4. Validate a finished run directory

uv run python scripts/validate_submission.py outputs/<run-id>

This validates the required leaderboard artifacts and checks the official-release metadata fields.

5. Reference runtime: OpenClaw on EC2

Prerequisite: enable systemd user services (fresh instances only)

On a fresh Ubuntu EC2 instance, the systemd --user daemon is not started by default. The OpenClaw installer runs as a user-level systemd service, and its final health check will crash if the daemon isn't initialized — even though the binaries installed correctly.

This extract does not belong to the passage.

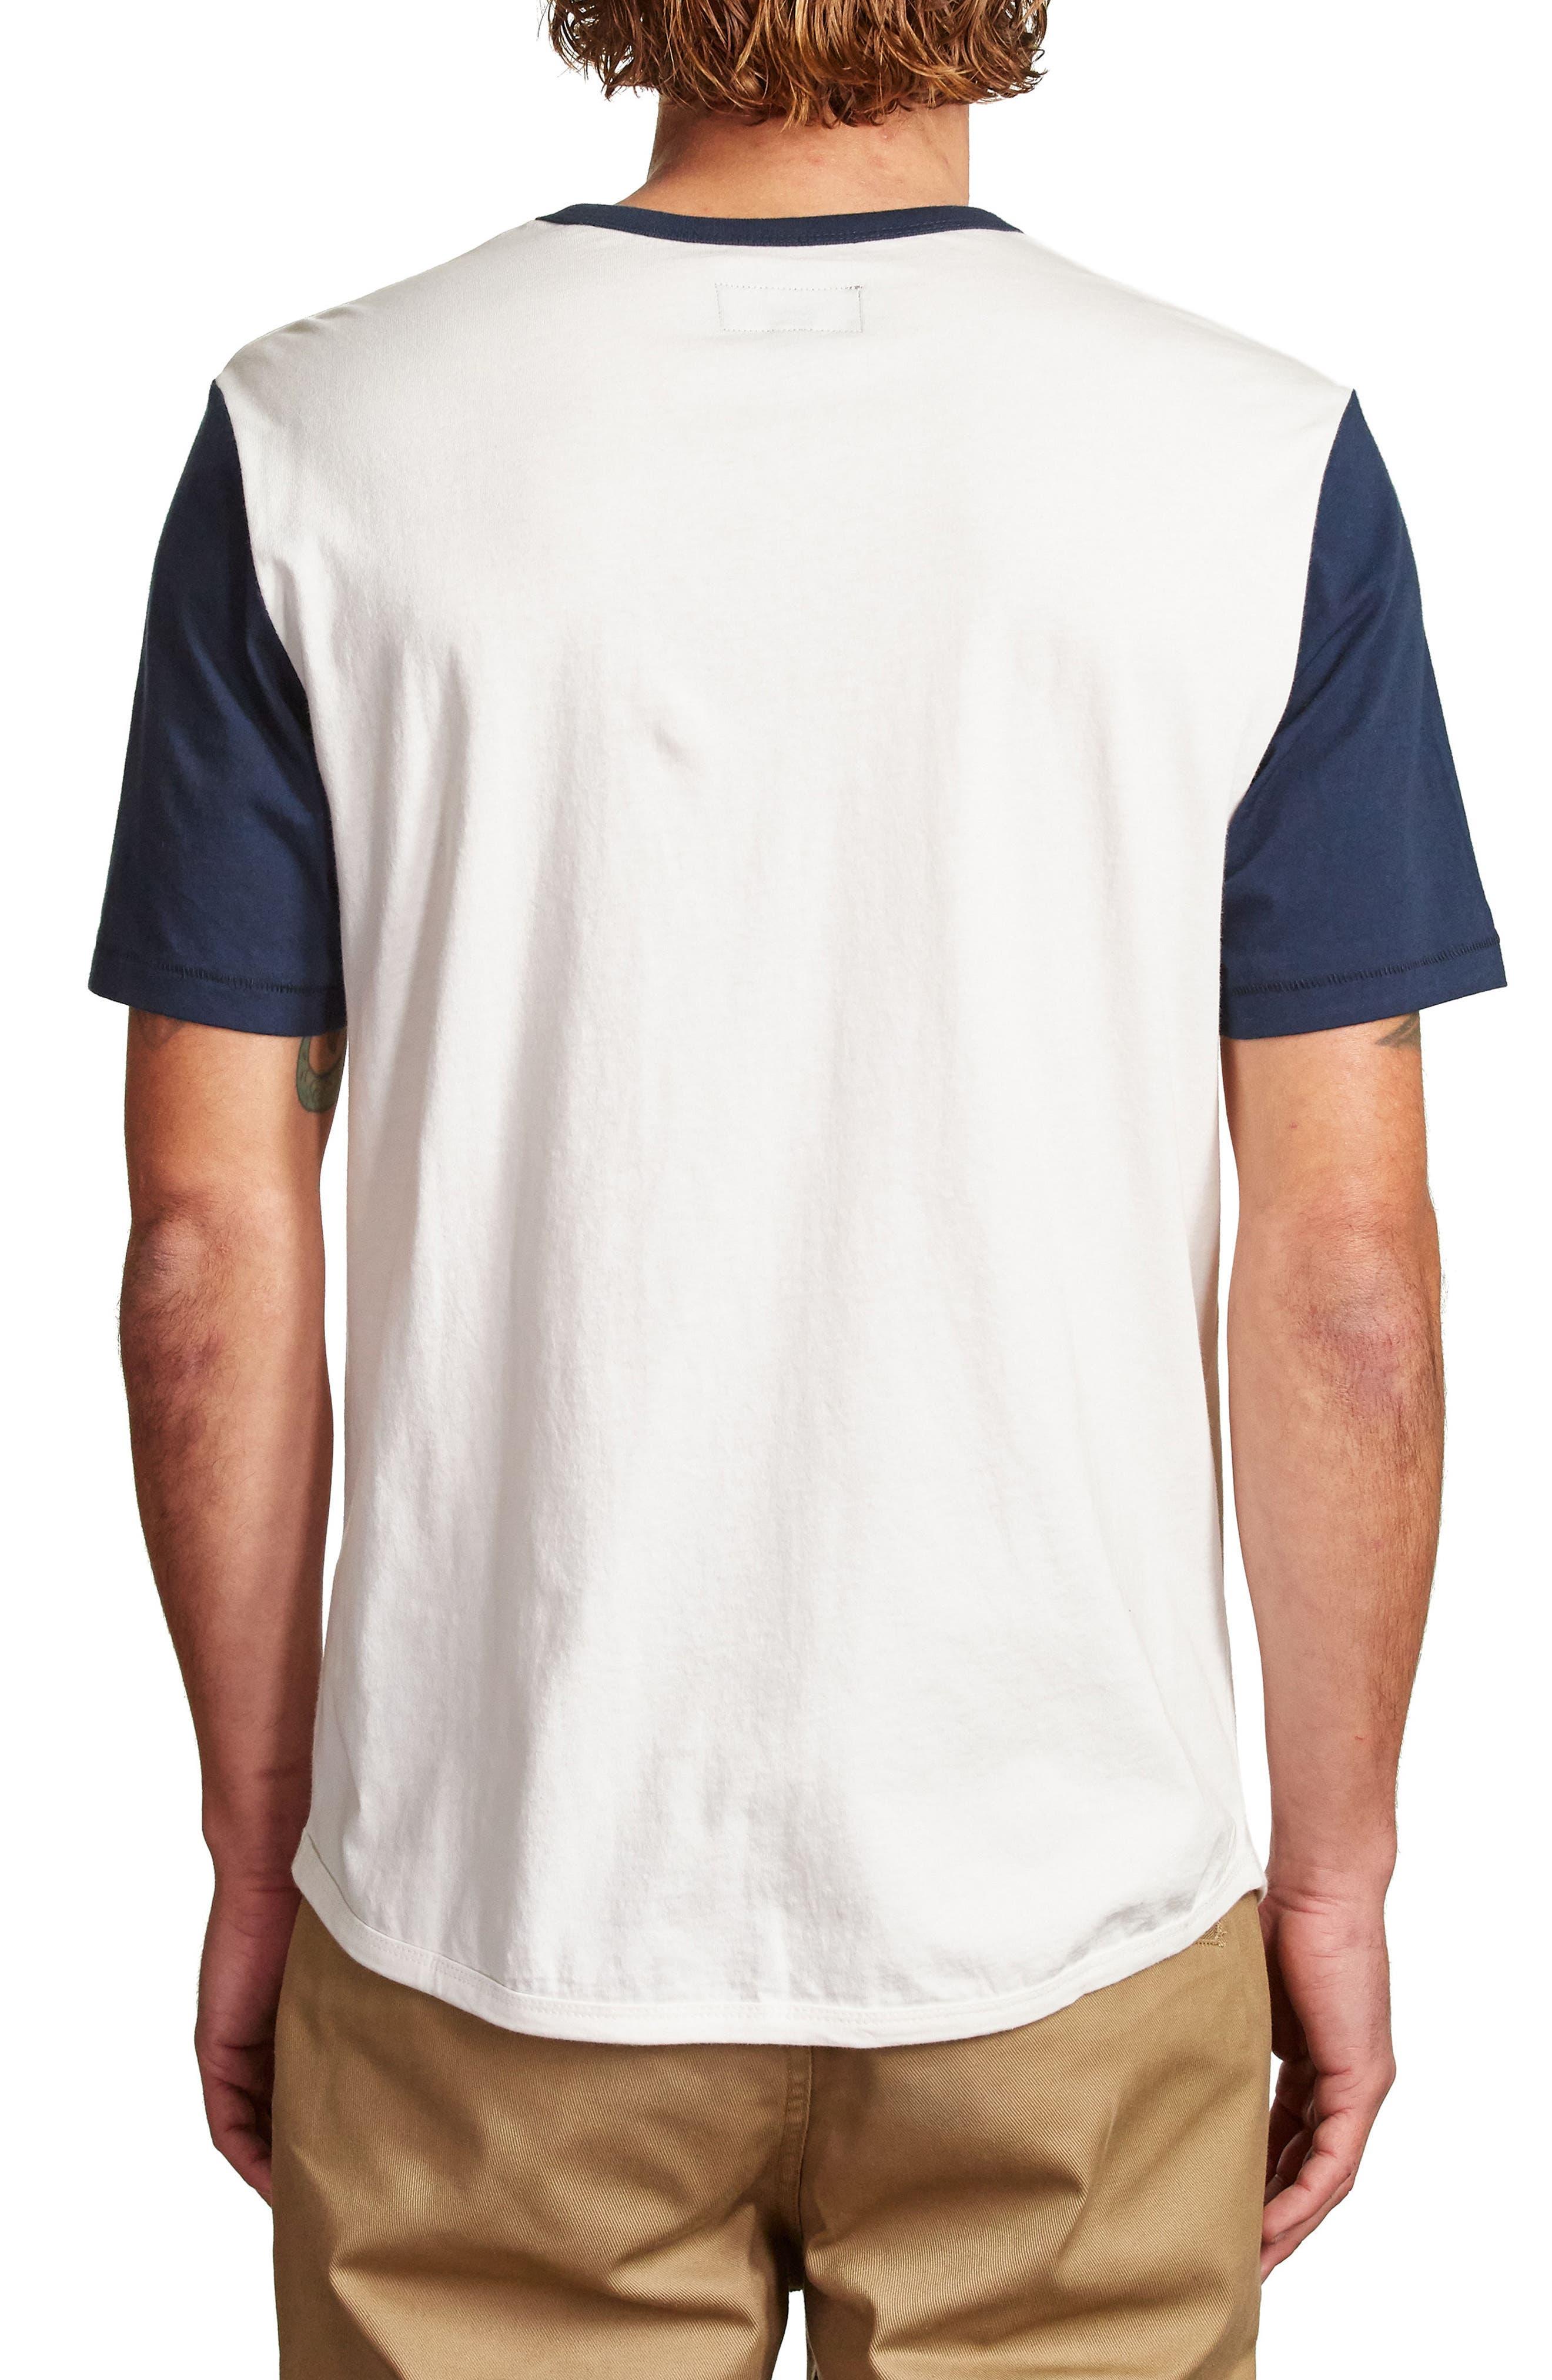 Novato T-Shirt,                             Alternate thumbnail 2, color,                             Off White/ Navy

Before running the OpenClaw installer, run:

sudo loginctl enable-linger $USER

Then disconnect and reconnect your SSH session so PAM generates the correct D-Bus environment variables. After reconnecting, run the OpenClaw installer as normal.

Already installed and it crashed?

If the installer failed with a systemctl is-enabled unavailable error, you don't need to wipe the server:

# Add OpenClaw to PATH
export PATH="/home/ubuntu/.npm-global/bin:$PATH"

# Repair the missing service files
openclaw doctor --repair

# Reload and start the gateway
systemctl --user daemon-reload
openclaw gateway restart

Hatching: standardize the agent identity

After installing OpenClaw, the first run opens an interactive TUI where the agent asks you to define its identity. To ensure every benchmark instance starts from the same baseline, use these answers:

Prompt	Answer
Onboarding mode	QuickStart
Model	anthropic/claude-sonnet-4-6
Channel	Skip for now
Configure skills?	Yes (skip all API key prompts)
Enable hooks?	boot-md, session-memory
How do you want to hatch?	Hatch in TUI

For the canonical OpenClaw reference track used in this repo, keep this answer model fixed across compared conditions and record it in the benchmark run with --answer-model anthropic/claude-sonnet-4-6.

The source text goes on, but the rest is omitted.